Burnout terkait dengan bekerja dalam pekerjaan berkadar stress tinggi dalam jangka lama, dikombinasikan dengan kepribadian dan masalah pribadi. Sedikit stress  dapat menguntungkan kita, tapi stress yang terus-menerus dapat menyebabkan kerusakan pada tubuh kita Jika terus berlanjut, kita berada pada titik di mana kita harus berhenti bekerja. Ibaratnya battery sudah kosong. Burnout dapat terjadi dalam profesi apa pun, tapi orang-orang yang bekerja dalam bidang layanan dan dukungan memiliki risiko lebih tinggi. Perawat, polisi, guru, dan staf pelayanan pelanggan dapat terjebak antara apa yang mereka inginkan dan apa yang dapat dilakukan organisasi. Orang yang memiliki tuntutan tinggi terhadap diri mereka sendiri dan yang bermasalah pribadi atau keluarga juga lebih rentan mengalami burnout. hati-hati ya . . . :D

Seringkali proses burnout berlangsung bertahap selama dua tahun atau lebih sebelum mencapai puncaknya:
 
  • Antusiasme: kita sangat termotivasi dalam pekerjaan, kita sehingga terlalu banyak menggunakan energi. 
  • Stagnasi: kita mulai melihat bahwa harapan, kita tidak terpenuhi dan mulai mengeluhkan harapan tersebut. 
  • Frustrasi: ada perasaan ketidakberdayaan, kekecewaan dan hilangnya kontrol. Antusiasme awal menyebabkan kelelahan kronis dan perasaan mudah tersinggung
  • Apatisme: motivasi dan kepercayaan diri hilang, berganti dengan kebosanan dan keterpisahan emosional. 
  • Keputusasaan: keyakinan akan masa depan telah menghilang. Penderita mengisolasi diri secara sosial, bertindak negatif atau menunjukkan tanda-tanda depresi.
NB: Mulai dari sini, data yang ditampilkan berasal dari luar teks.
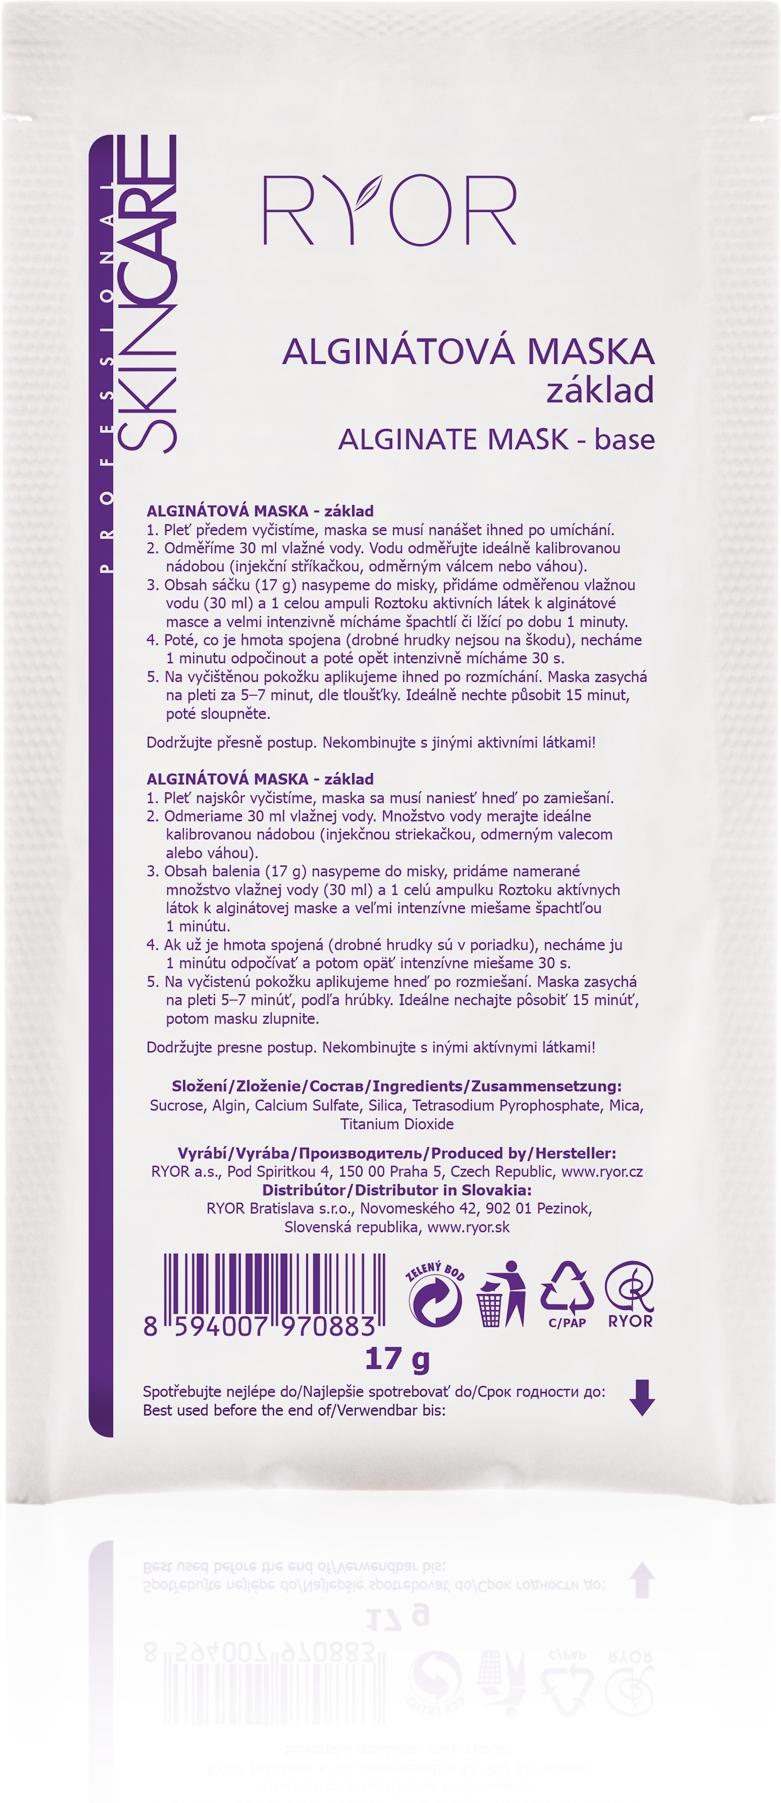 Ryor - Alginatmasken-Basis (Hautmasken für trockene und empfindliche Haut)

Terapi dan pencegahan (catet ya......... :D)

Bila kita mengalami gejala burnout, sebaiknya kita mengambil cuti untuk beristirahat. Kita dapat berkonsultasi dengan psikolog, orang-orang terdekat/partner hidup (suami/istri) atau mentor kita untuk mencurahkan masalah dan mendapatkan nasihat. Berganti profesi yang kurang membuat stres dapat menjadi pilihan tindakan dalam jangka menengah atau panjang.

Untuk dapat mencegah burnout, kita harus memiliki pengetahuan dan keterampilan untuk secara efektif mengatasi stres. Jadi, kita belajar mengenali sinyal stress pada diri kita dan bagaimana menyikapinya. Ada banyak pilihan metode manajemen stress yang dapat kita terapkan. Menerapkan gaya hidup seimbang diantaranya menjaga kesehatan jiwa dengan lebih mendekatkan kepada Alloh/Tuhan, dapat mencegah kita mengalami stress yang berakumulasi menjadi burnout.